▶ _TASK ITEM_
All pictures are to be excluded when the data below is output verbatim.

▶ _MATERIAL PROVIDED_
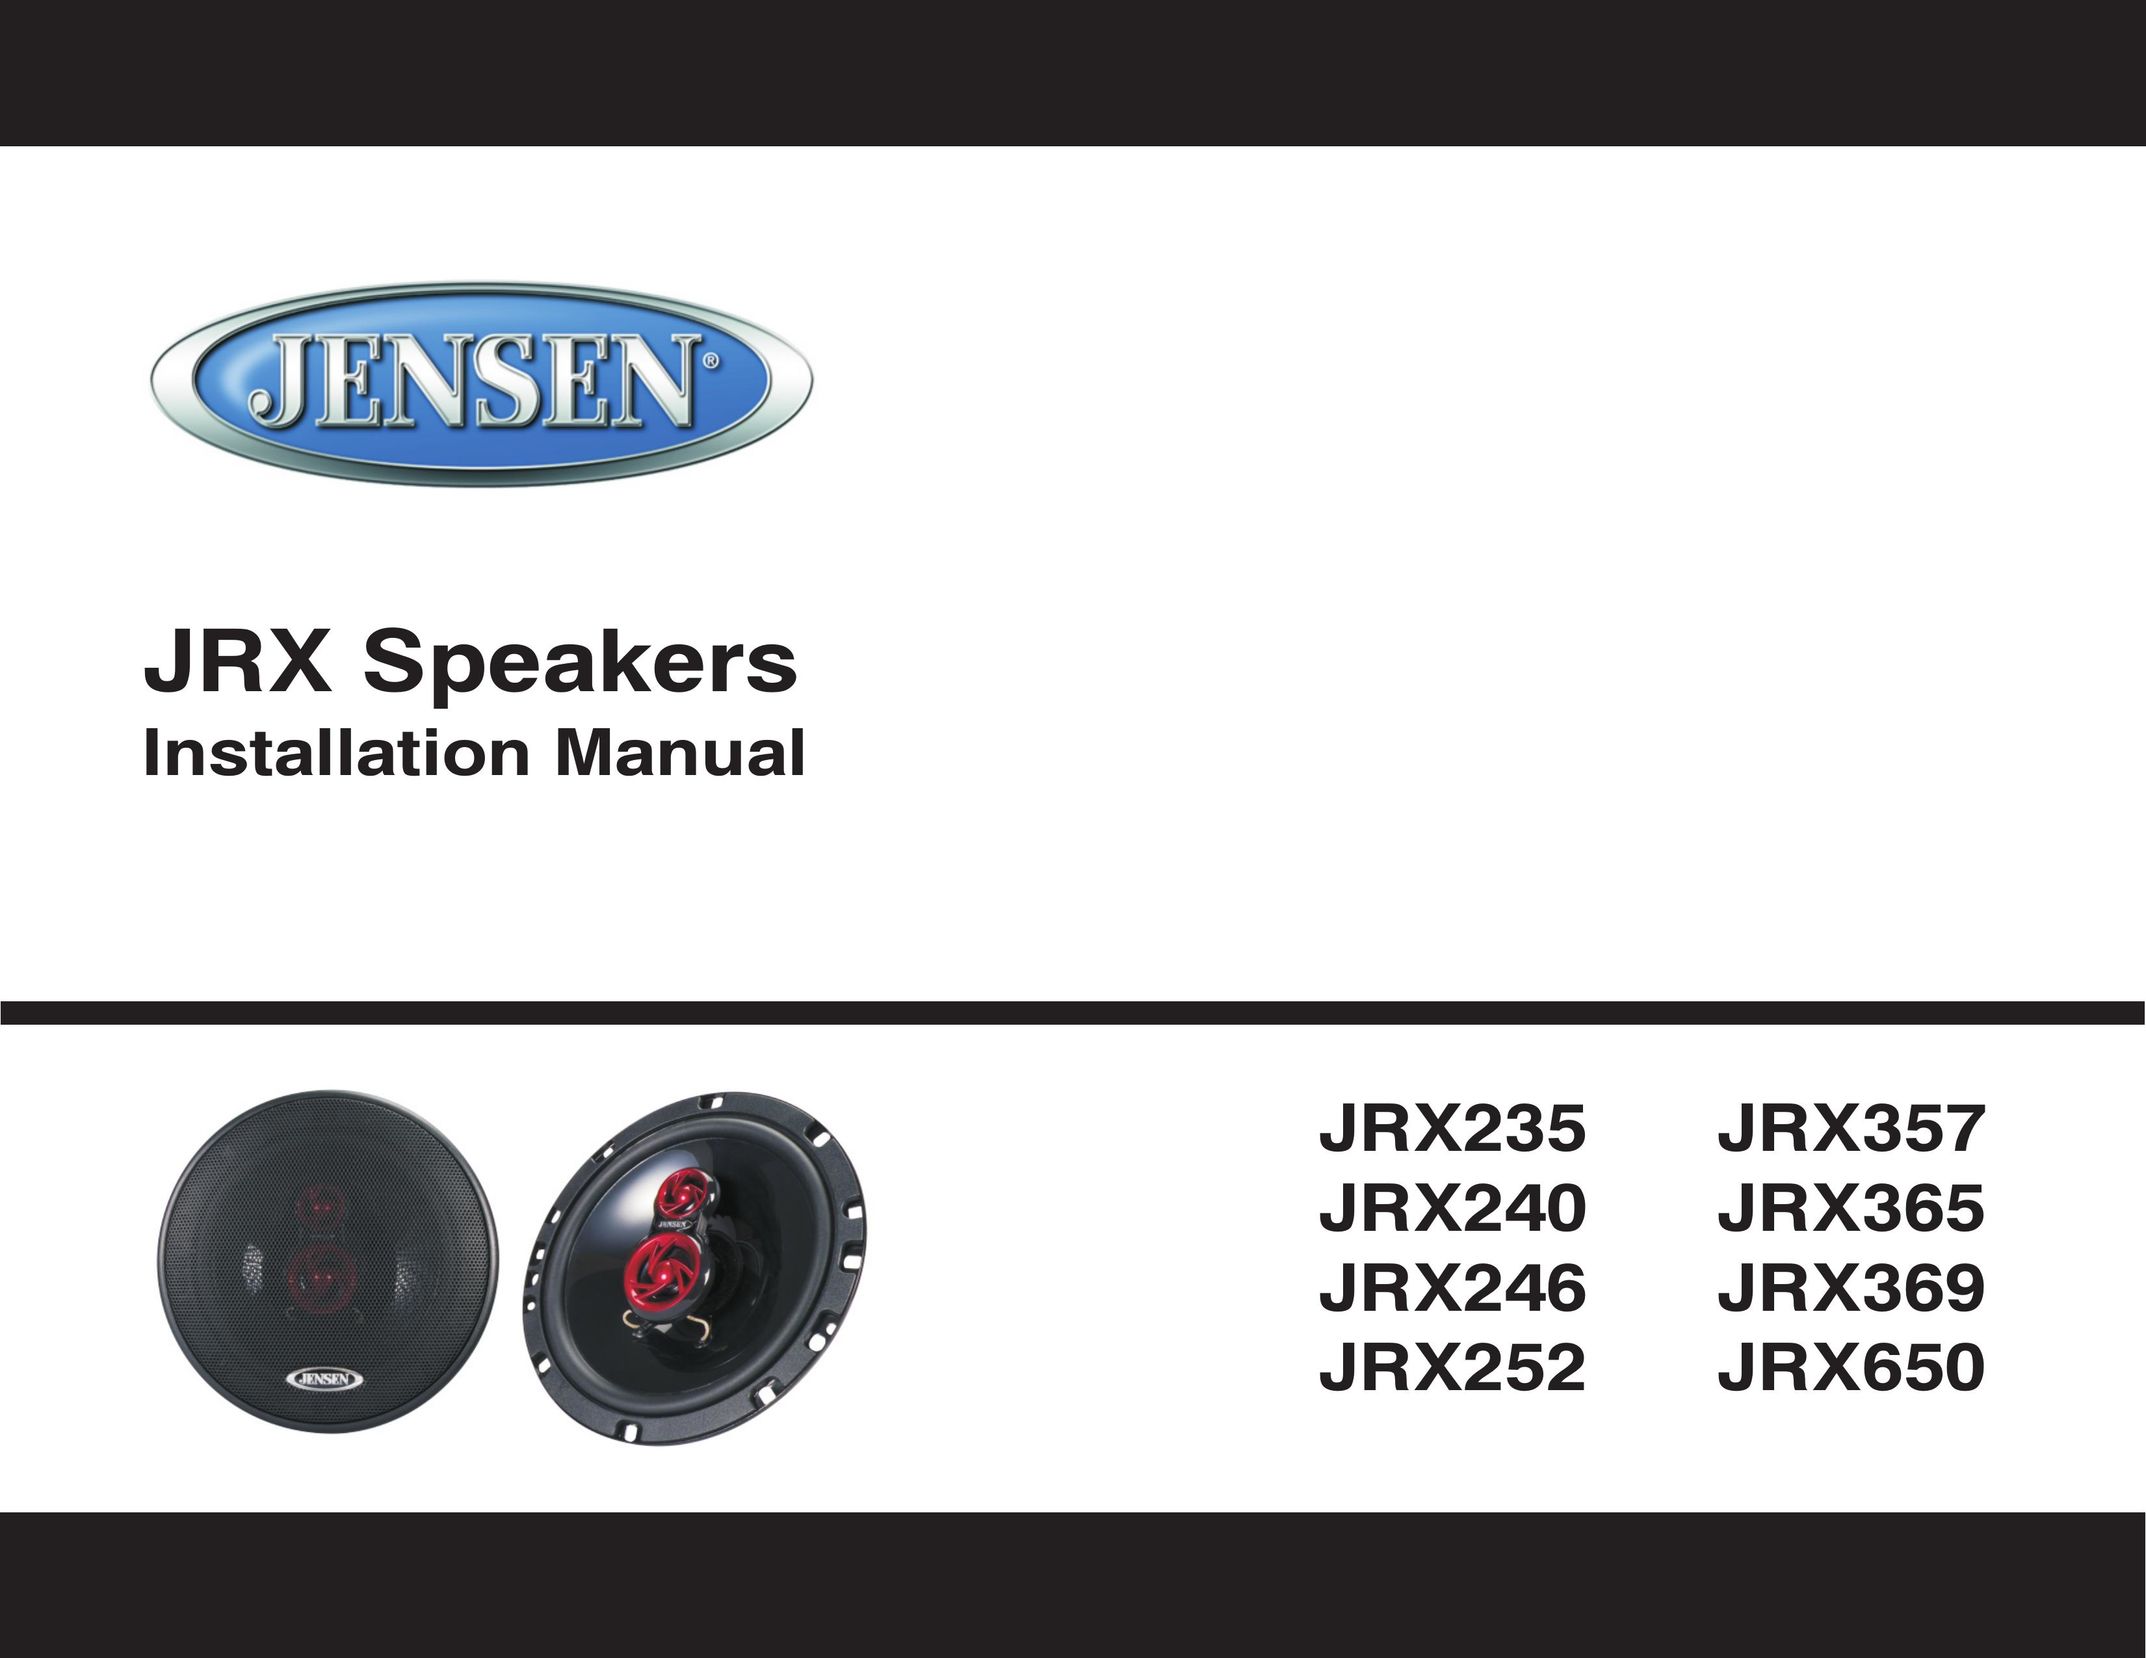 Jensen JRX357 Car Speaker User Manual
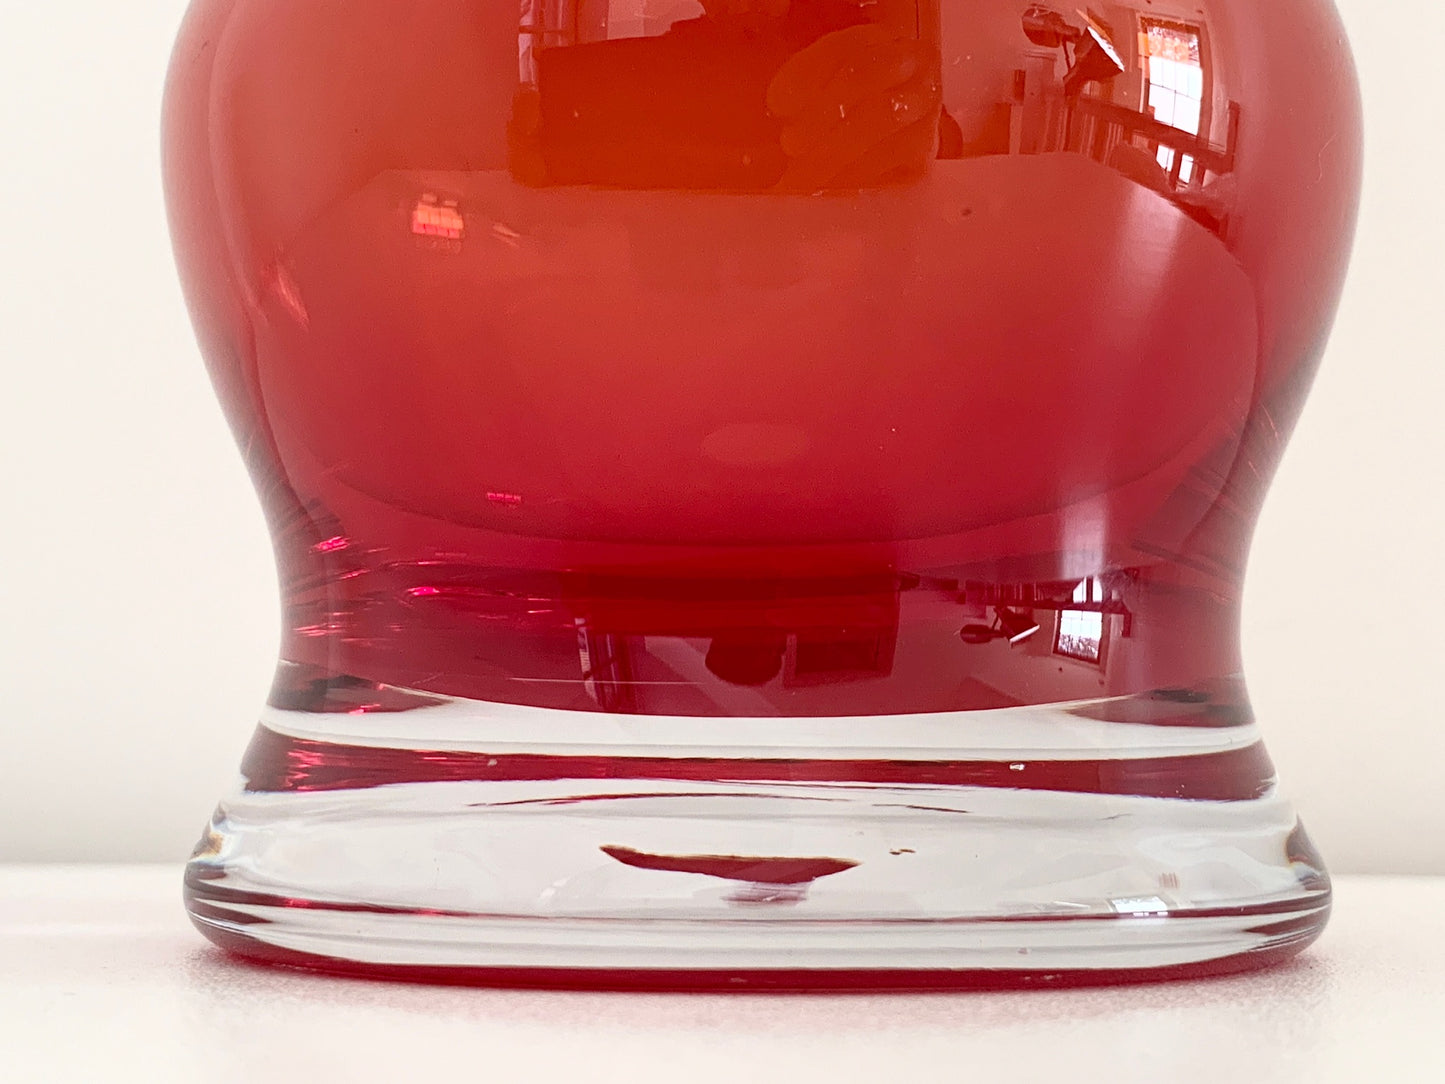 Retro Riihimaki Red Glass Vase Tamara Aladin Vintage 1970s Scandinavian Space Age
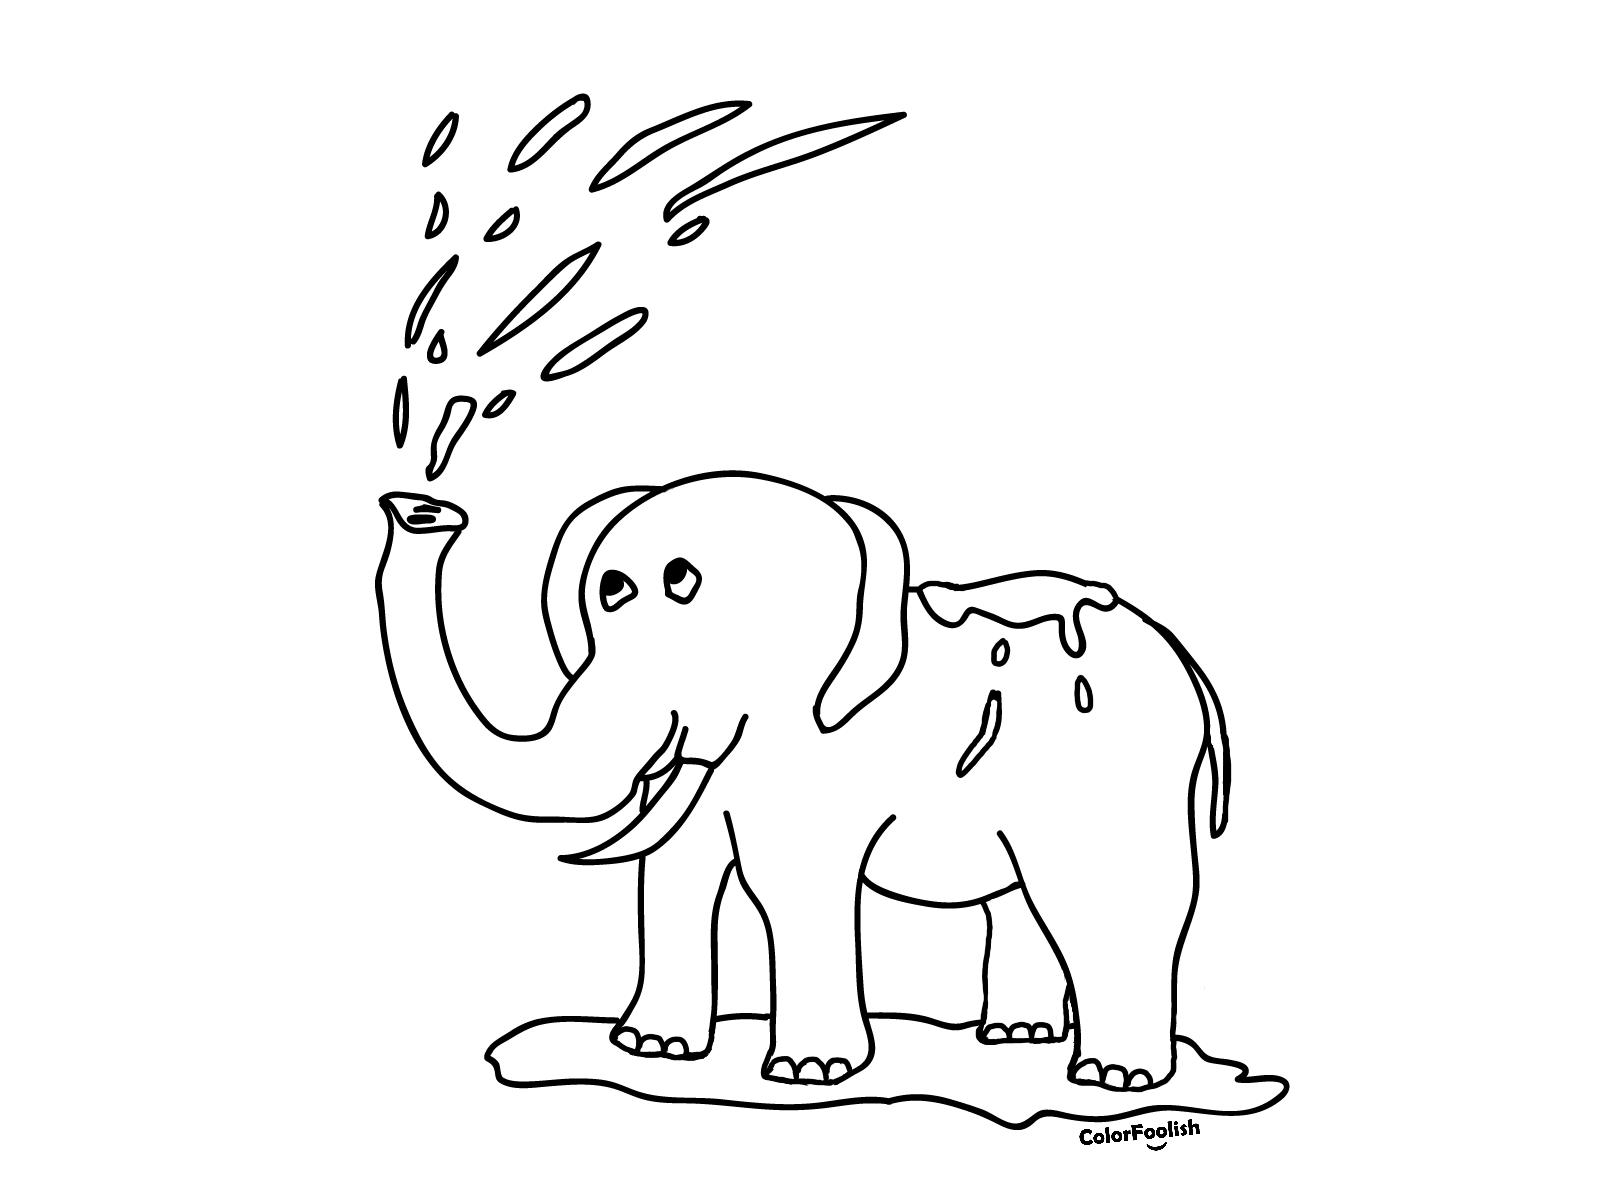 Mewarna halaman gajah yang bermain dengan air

▶ _EXERCISE RESPONSE_
 Jensen JRX357 Car Speaker User Manual
 Retro Riihimaki Red Glass Vase Tamara Aladin Vintage 1970s Scandinavian Space Age
 Mewarna halaman gajah yang bermain dengan air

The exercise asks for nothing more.